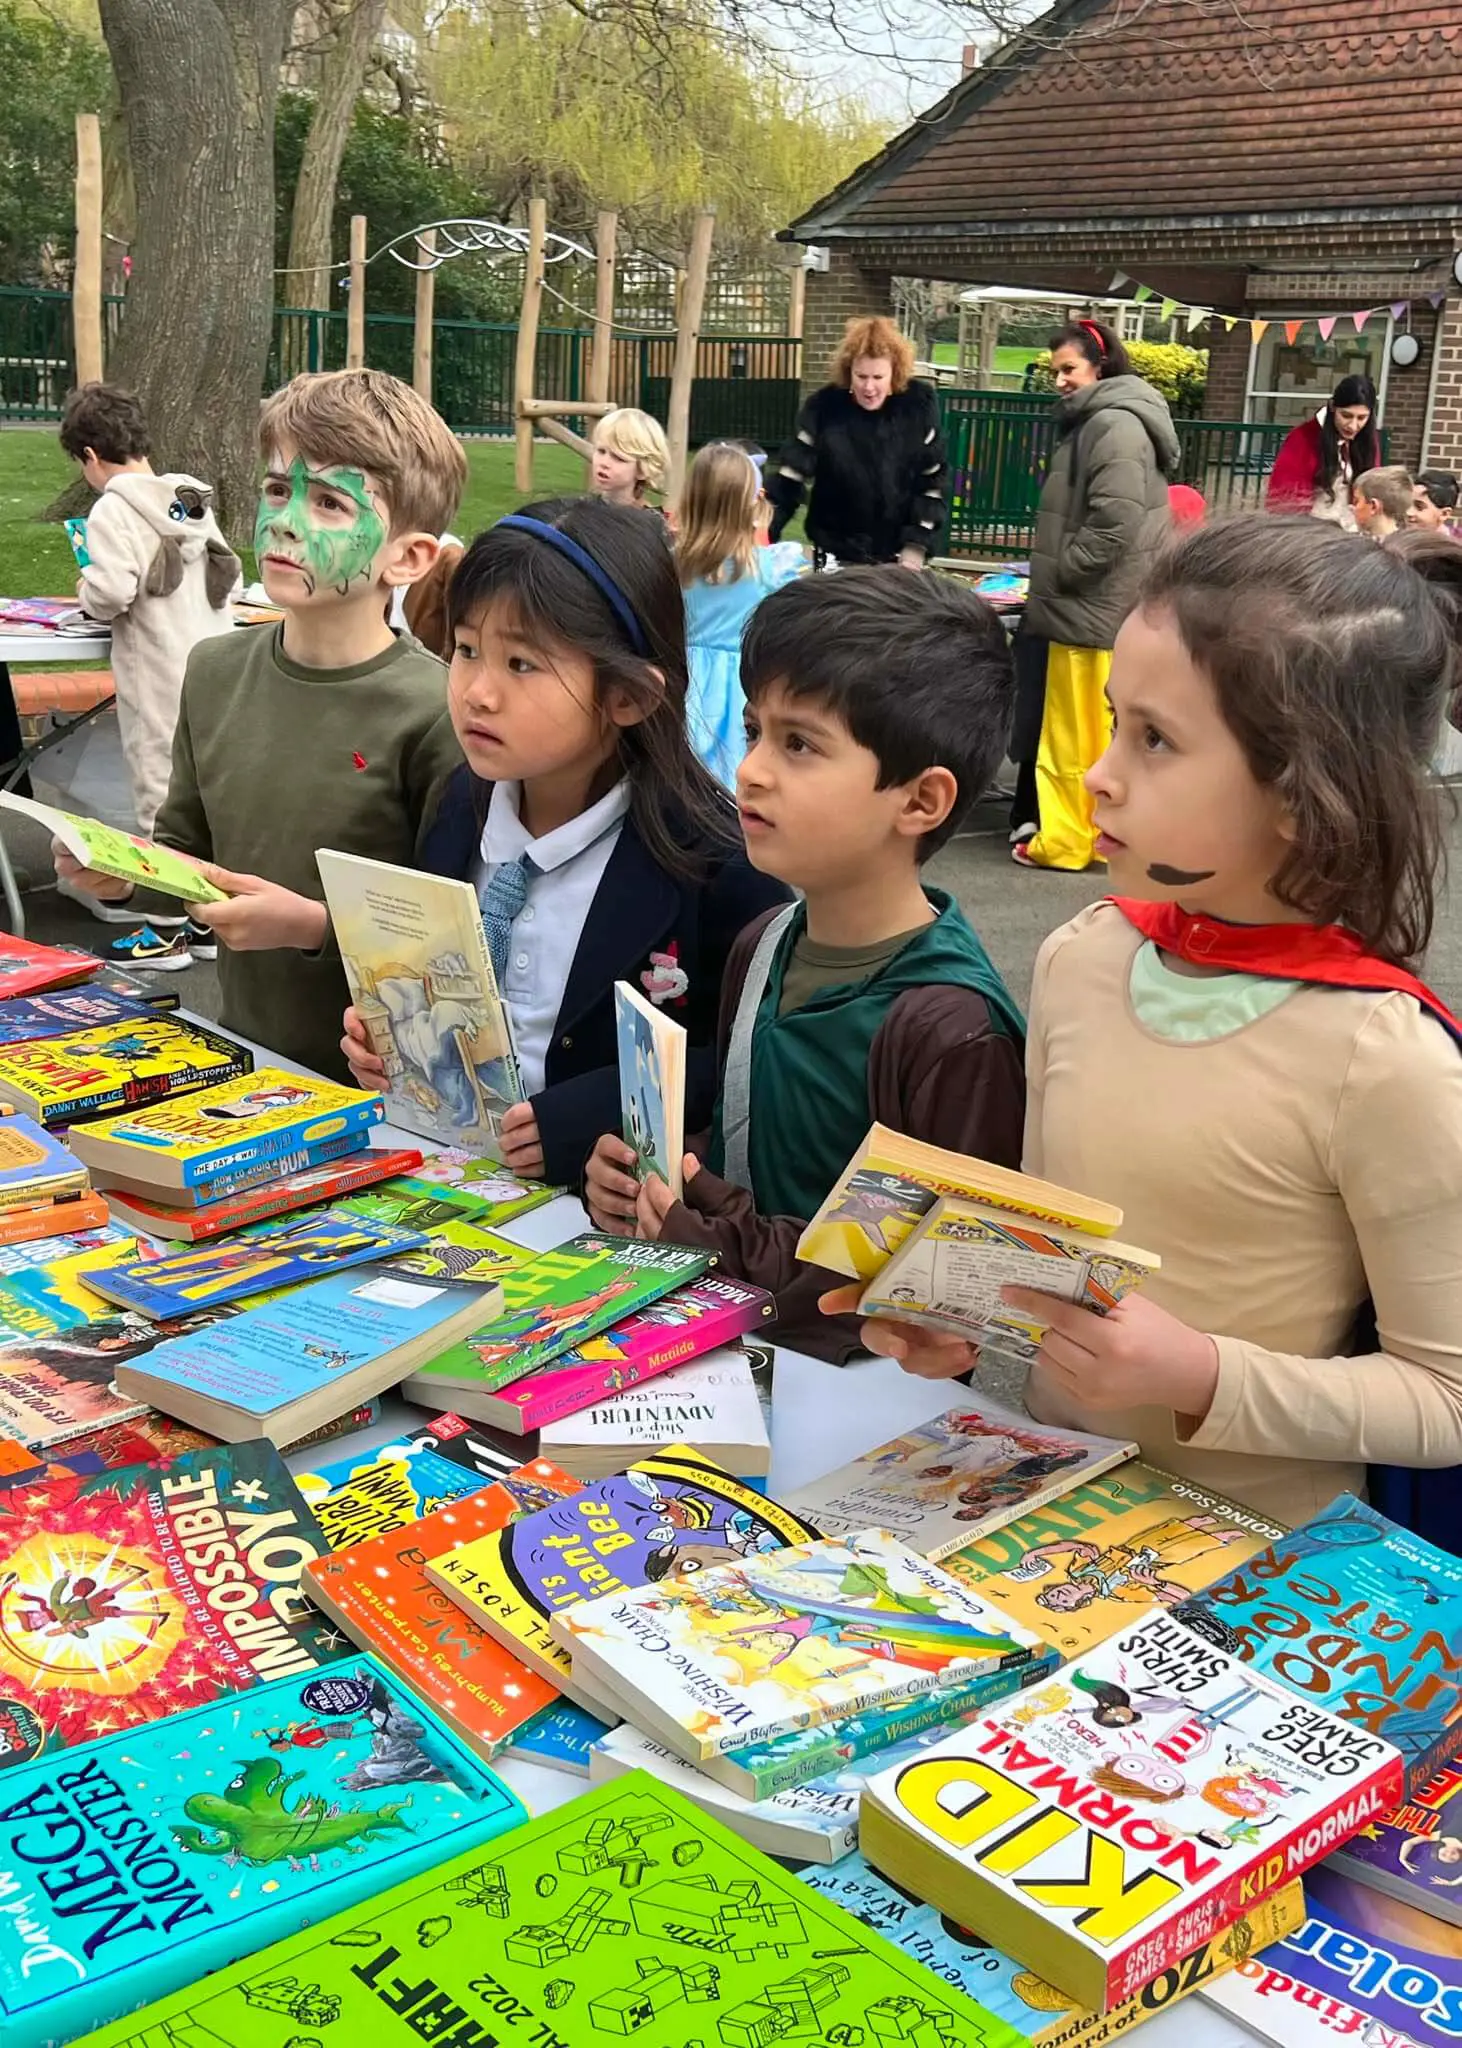 Pupils buying books at the school book sale for  world book day at Ibstock Place School, Roehampton, a private school near Richmond, Barnes, Putney, Kingston, & Wandsworth
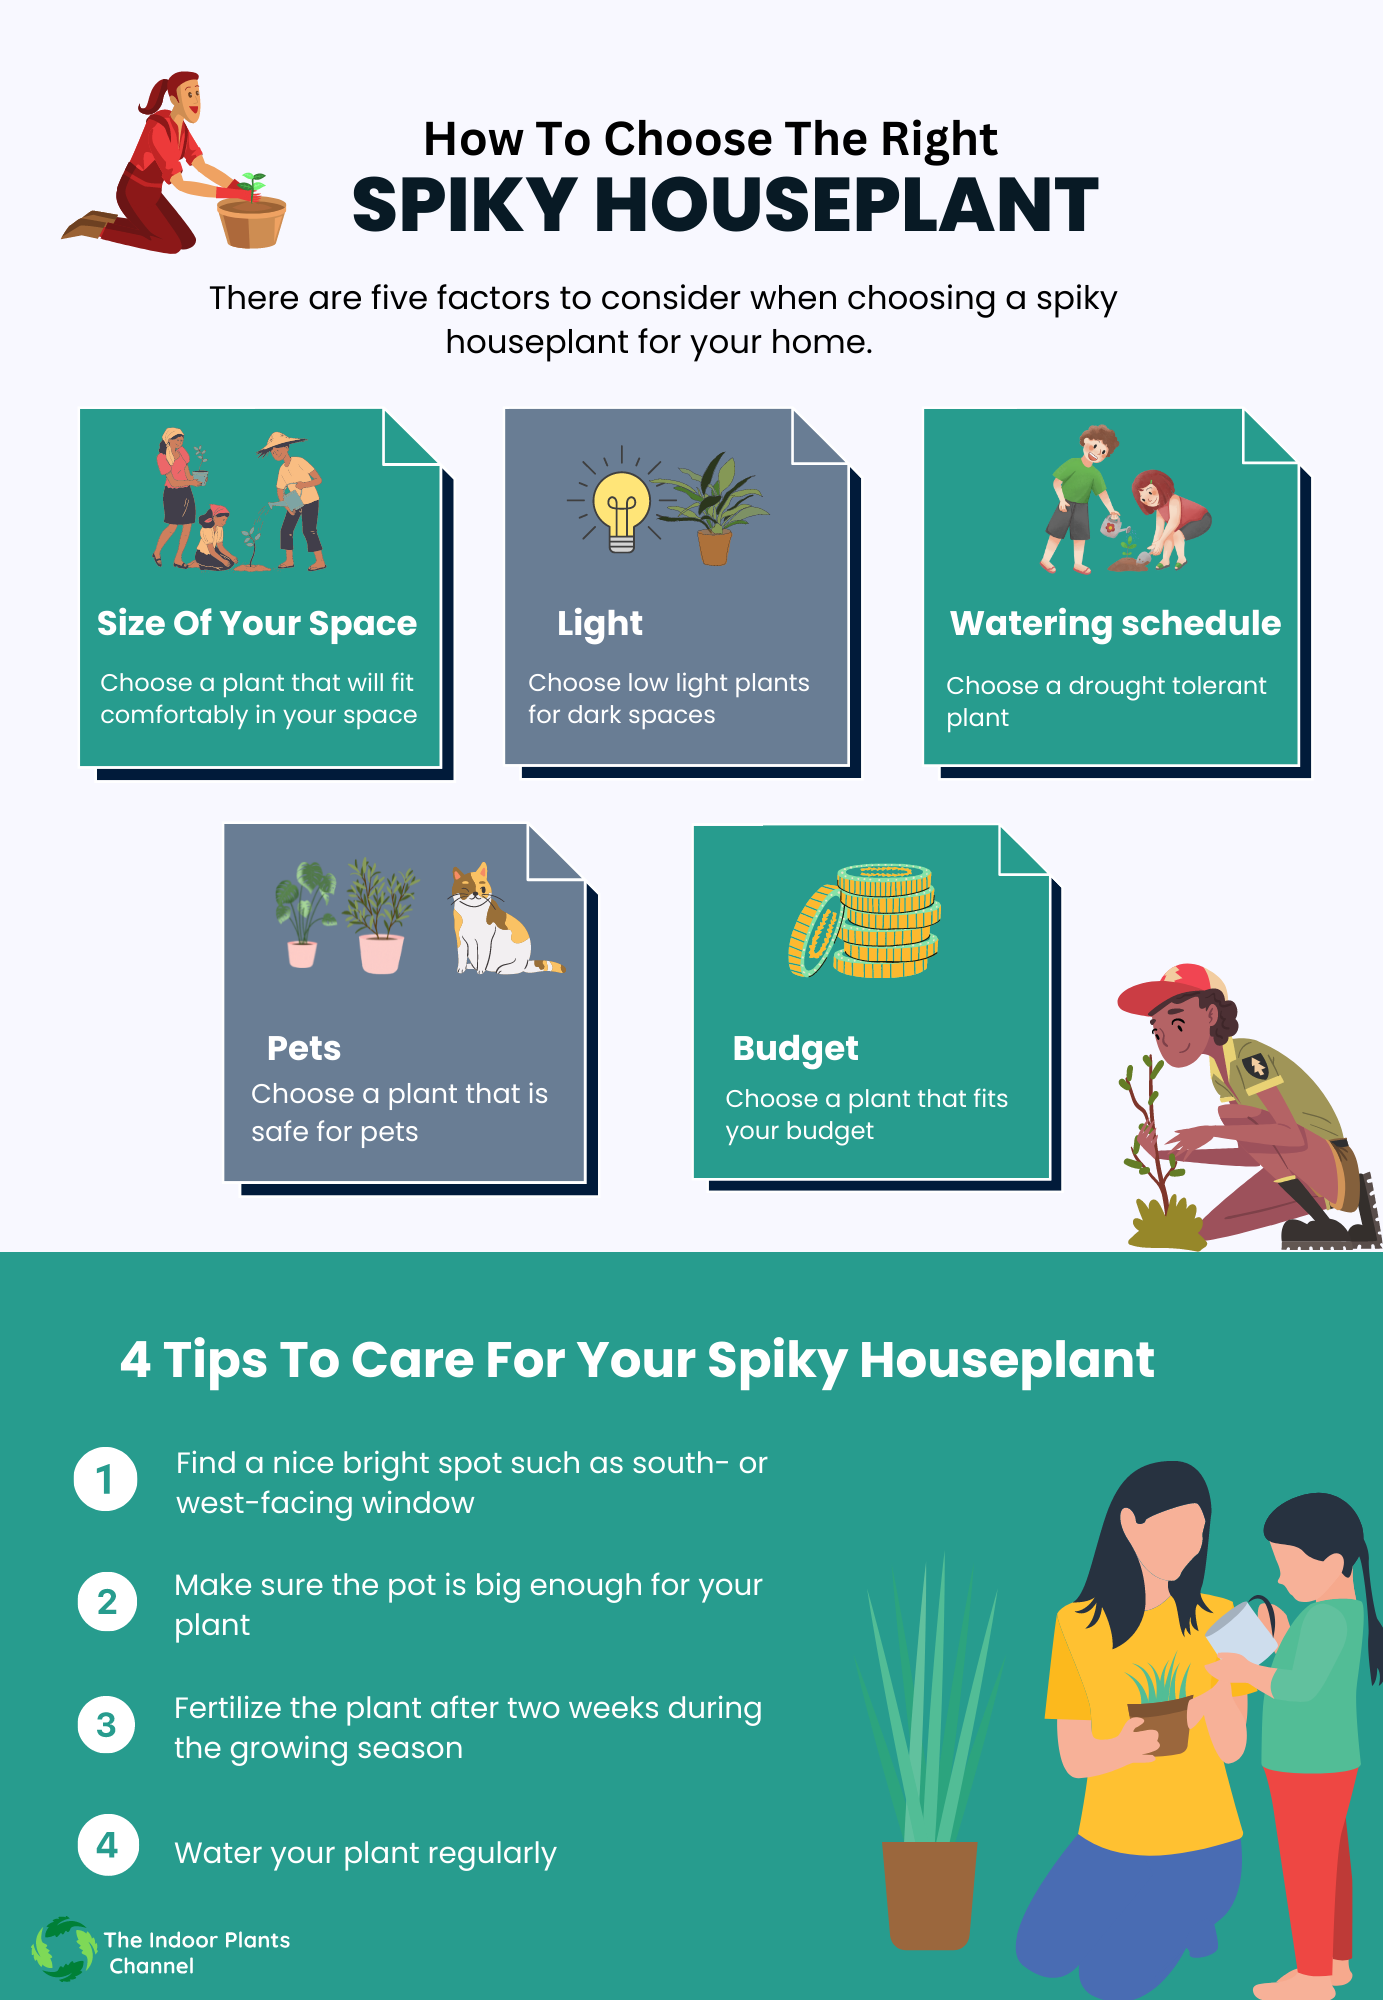 How To Choose The Right Spiky Houseplant
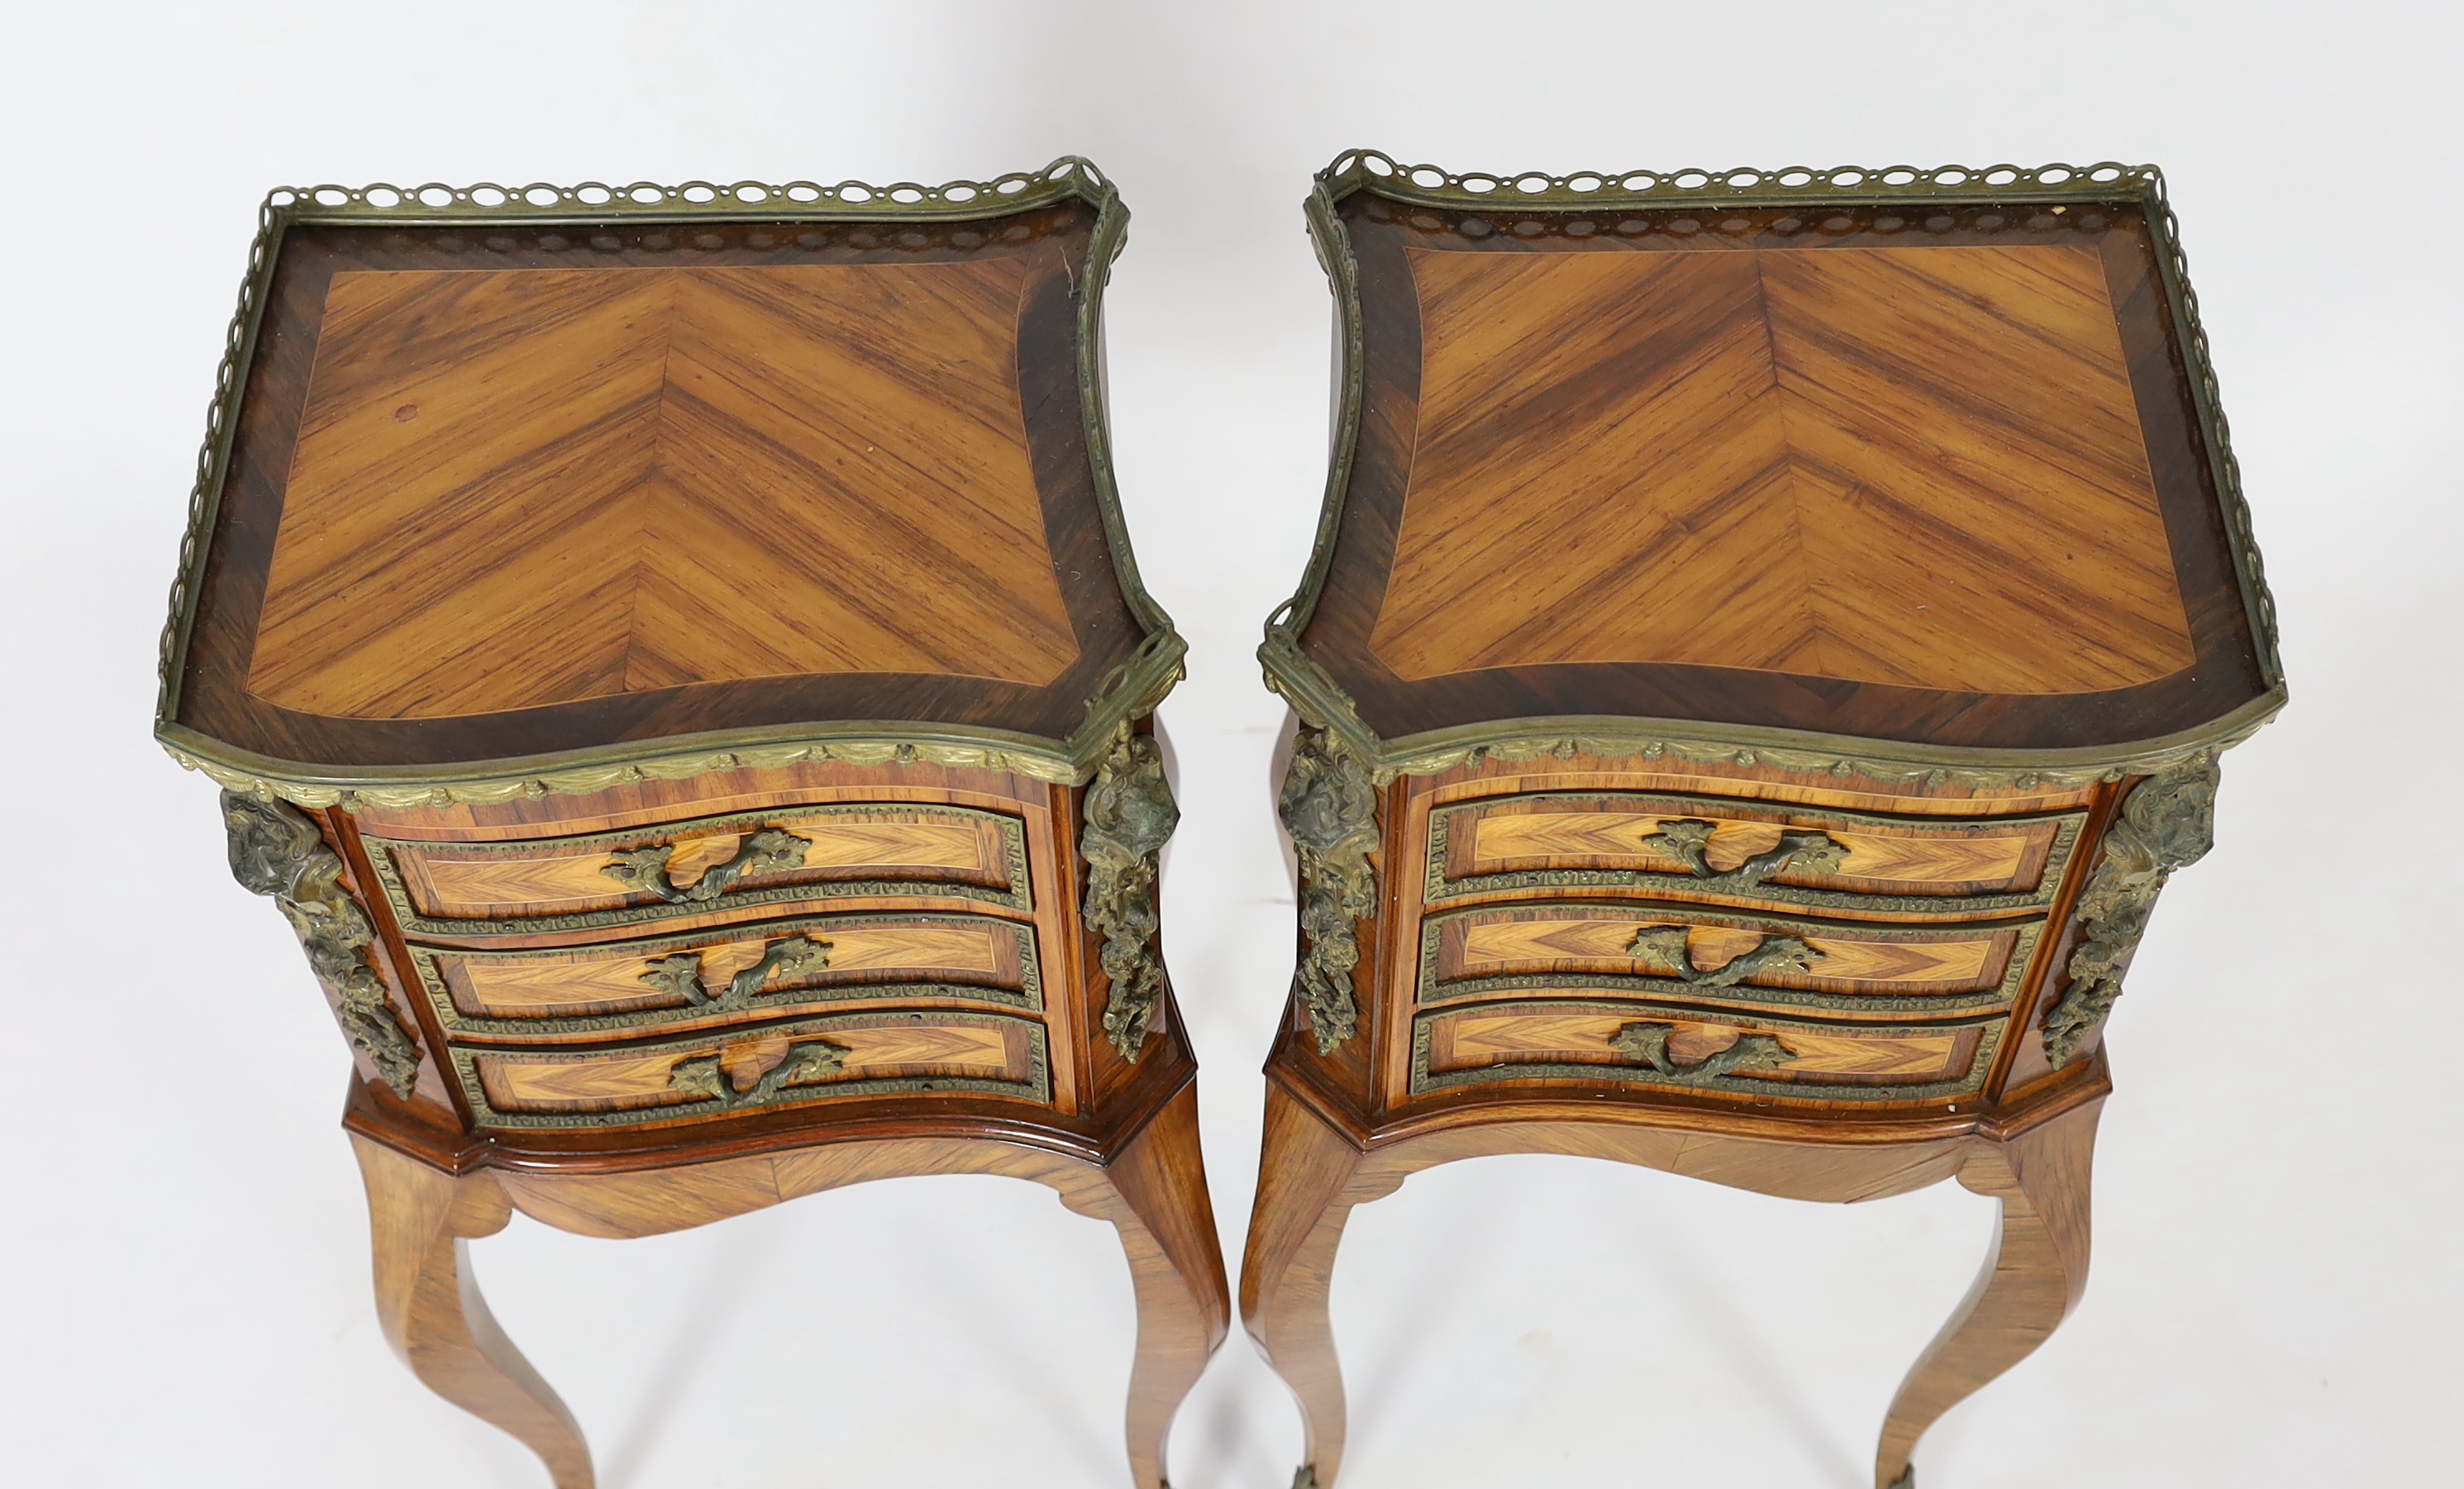 A pair of Louis XVI style ormolu mounted kingwood bedside chests, each of asymmetrical scroll form - Image 3 of 3

**WHAT YOU ARE ASKED TO DO**.
Transcribe the listing exactly; omit all images.

**ANSWER FOR THIS EXERCISE**.
 Pupils buying books at the school book sale for  world book day at Ibstock Place School, Roehampton, a private school near Richmond, Barnes, Putney, Kingston, & Wandsworth
 How To Choose The Right Spiky Houseplant
 A pair of Louis XVI style ormolu mounted kingwood bedside chests, each of asymmetrical scroll form - Image 3 of 3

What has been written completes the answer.